(THE DATA Opens)
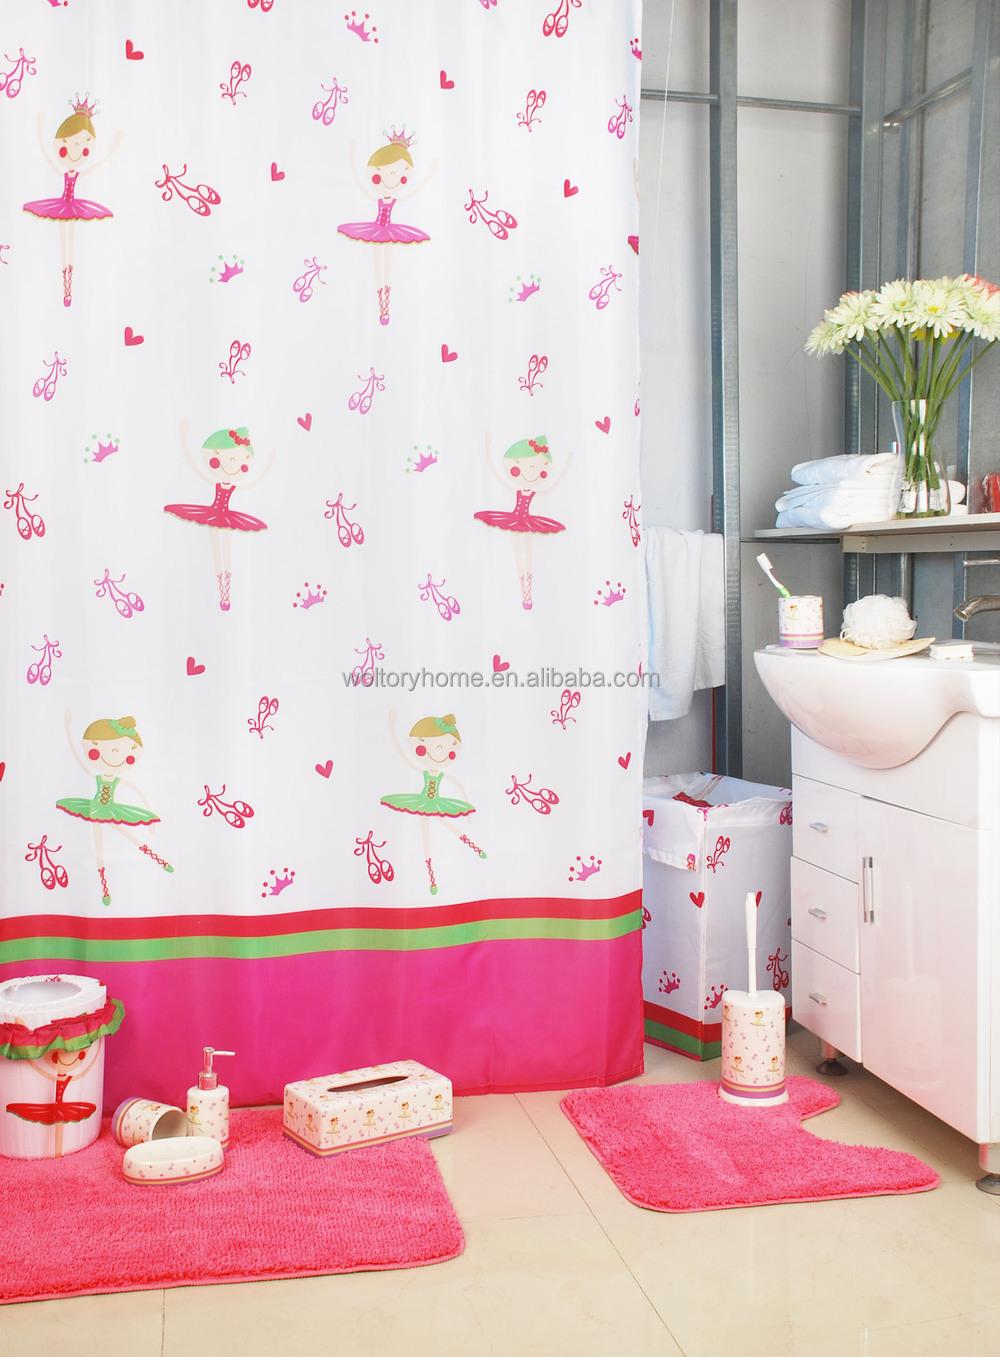 Flower Fairy Bathroom Set/shower Curtain With Bath Rug Sets - Buy ...
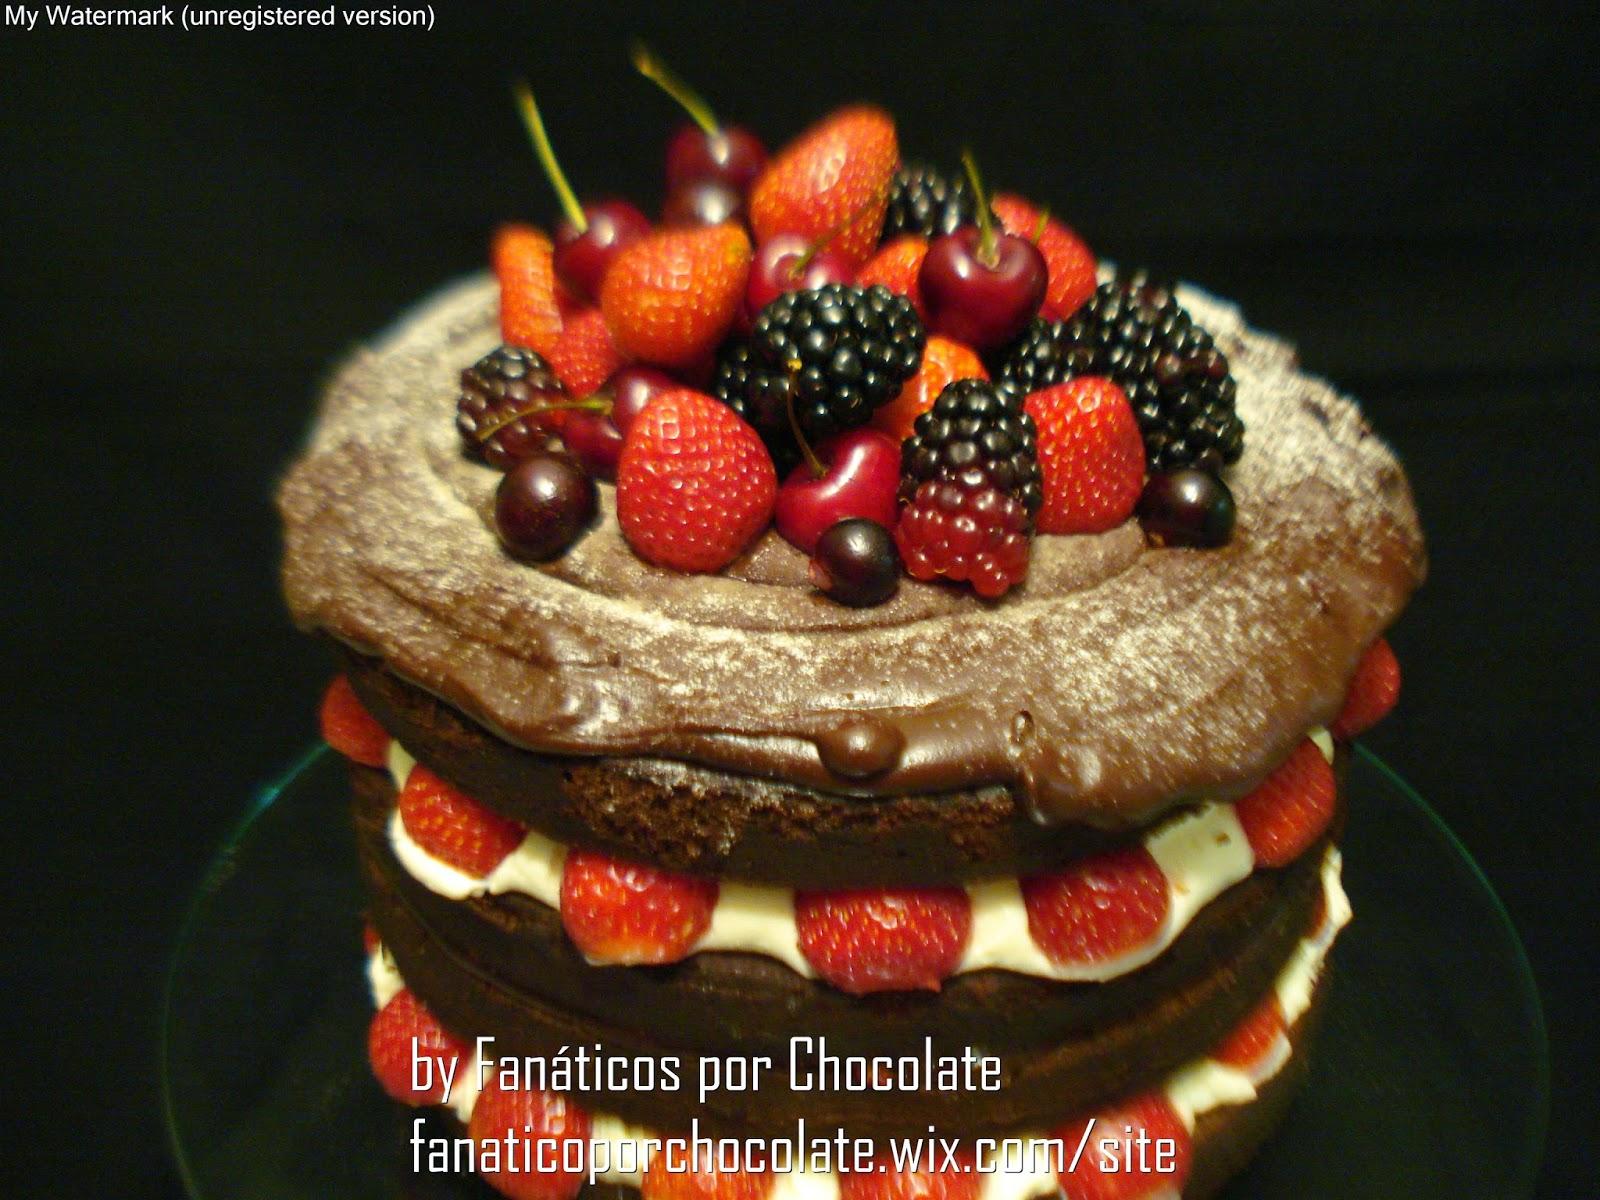 naked-cake-de-frutas-vermelhas - Confeitaria OnLine Oficial
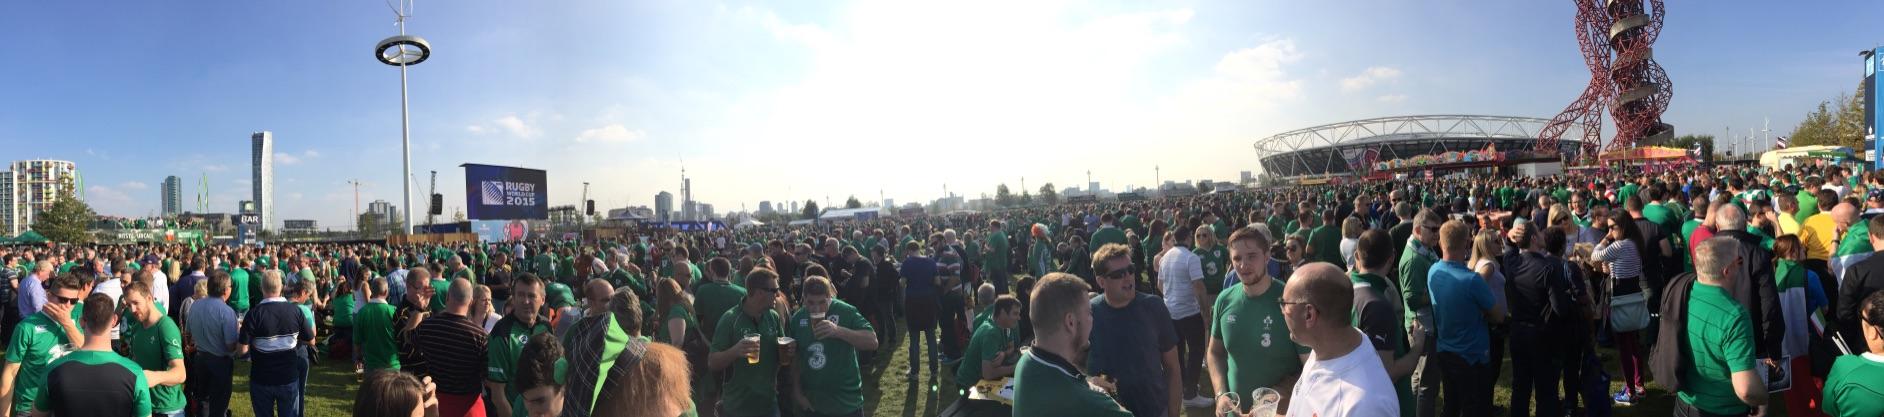 RWC 2015 – IRL V ITA Fanzone
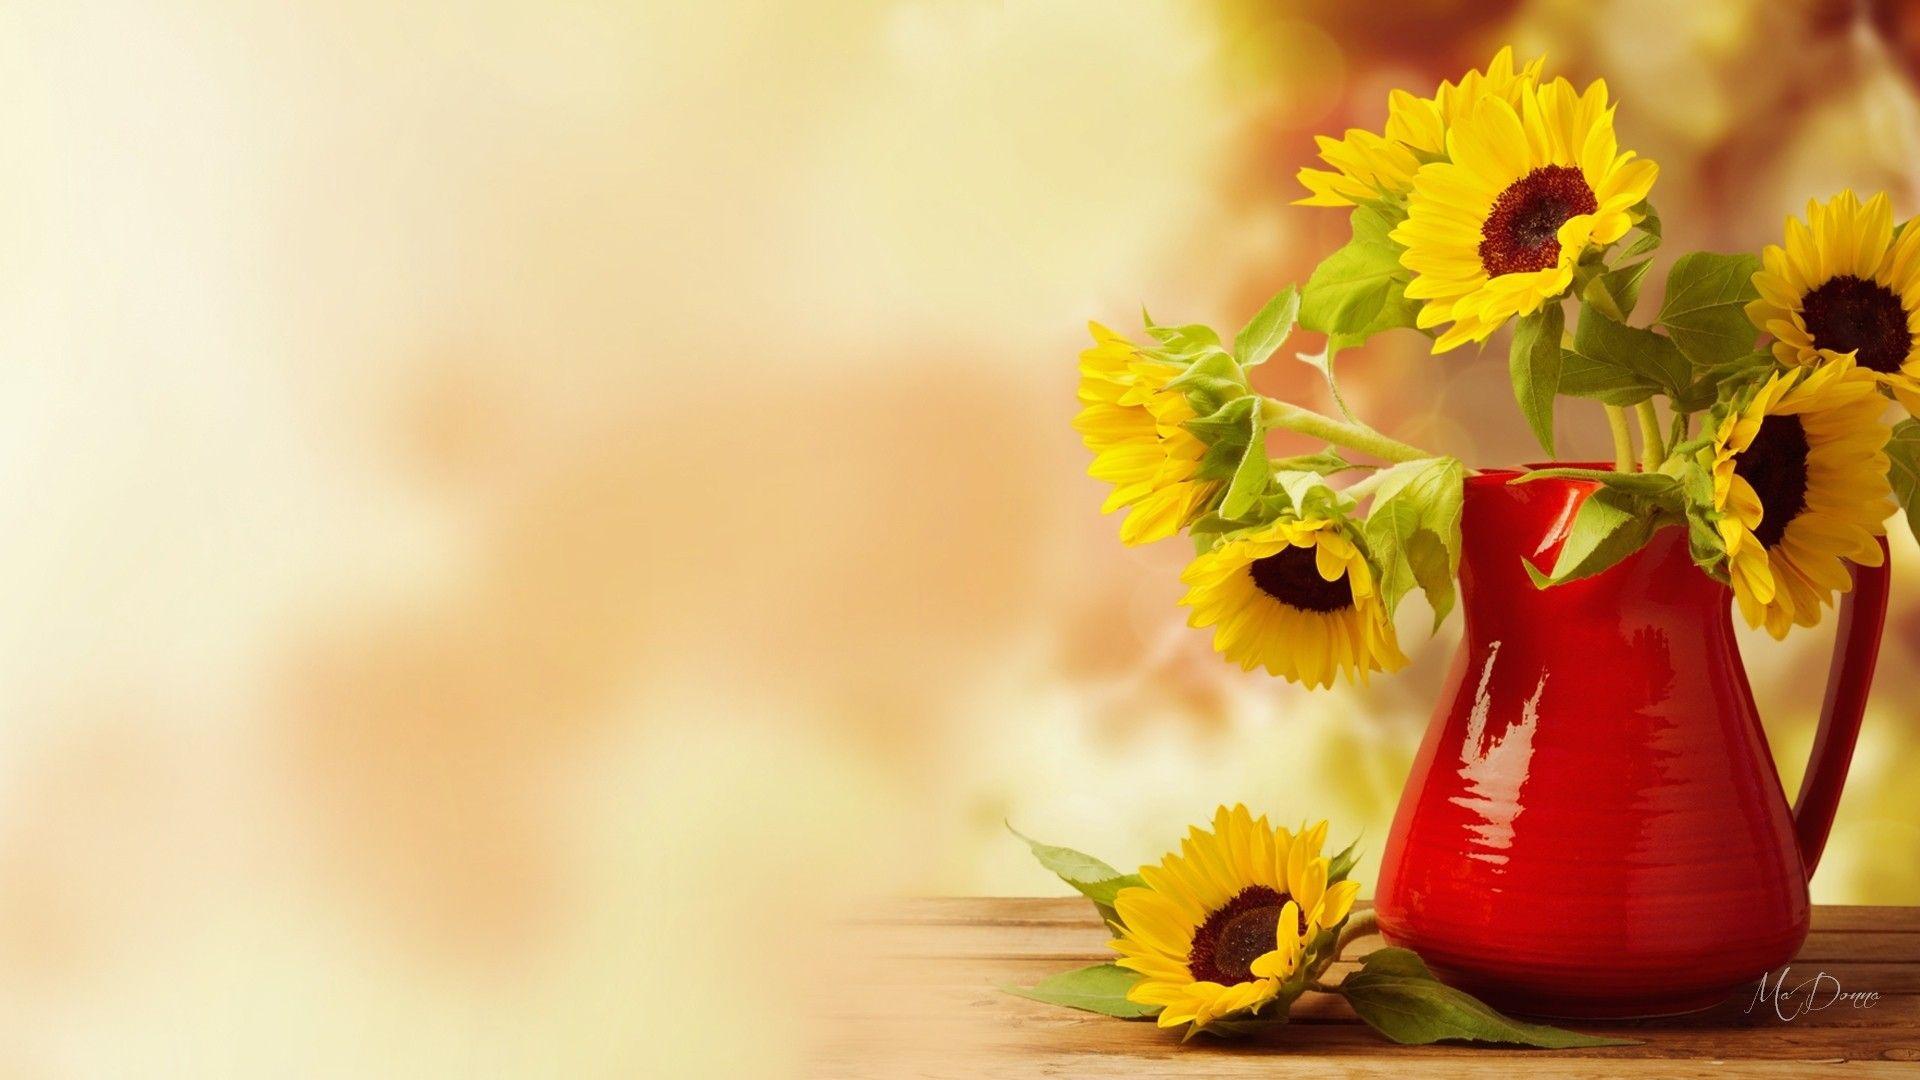 Autumn Flowers Life Bouquet Vase Bright Still Summer - Fall Flowers Desktop Backgrounds - HD Wallpaper
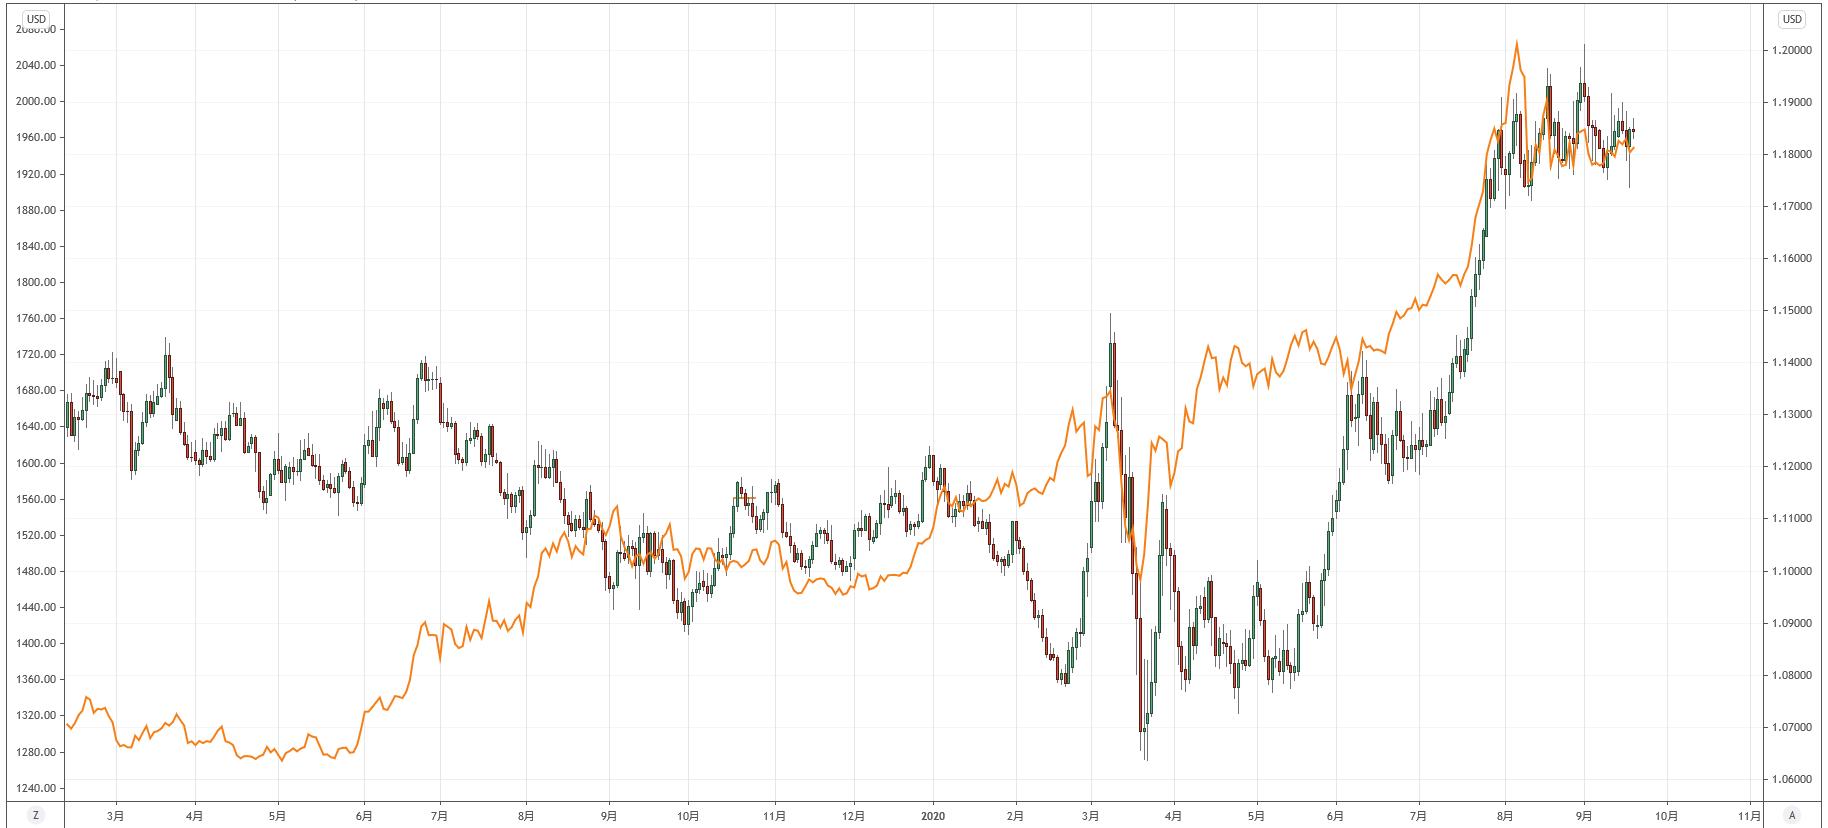 ゴールドとユーロドルの比較チャート
(THE DATA Closes)
**WHAT NEEDS TO BE DONE**
Copy the data precisely. Skip every picture.

**RESULT**
 Flower Fairy Bathroom Set/shower Curtain With Bath Rug Sets - Buy ...
 naked-cake-de-frutas-vermelhas - Confeitaria OnLine Oficial
 RWC 2015 – IRL V ITA Fanzone
 Autumn Flowers Life Bouquet Vase Bright Still Summer - Fall Flowers Desktop Backgrounds - HD Wallpaper
 ゴールドとユーロドルの比較チャート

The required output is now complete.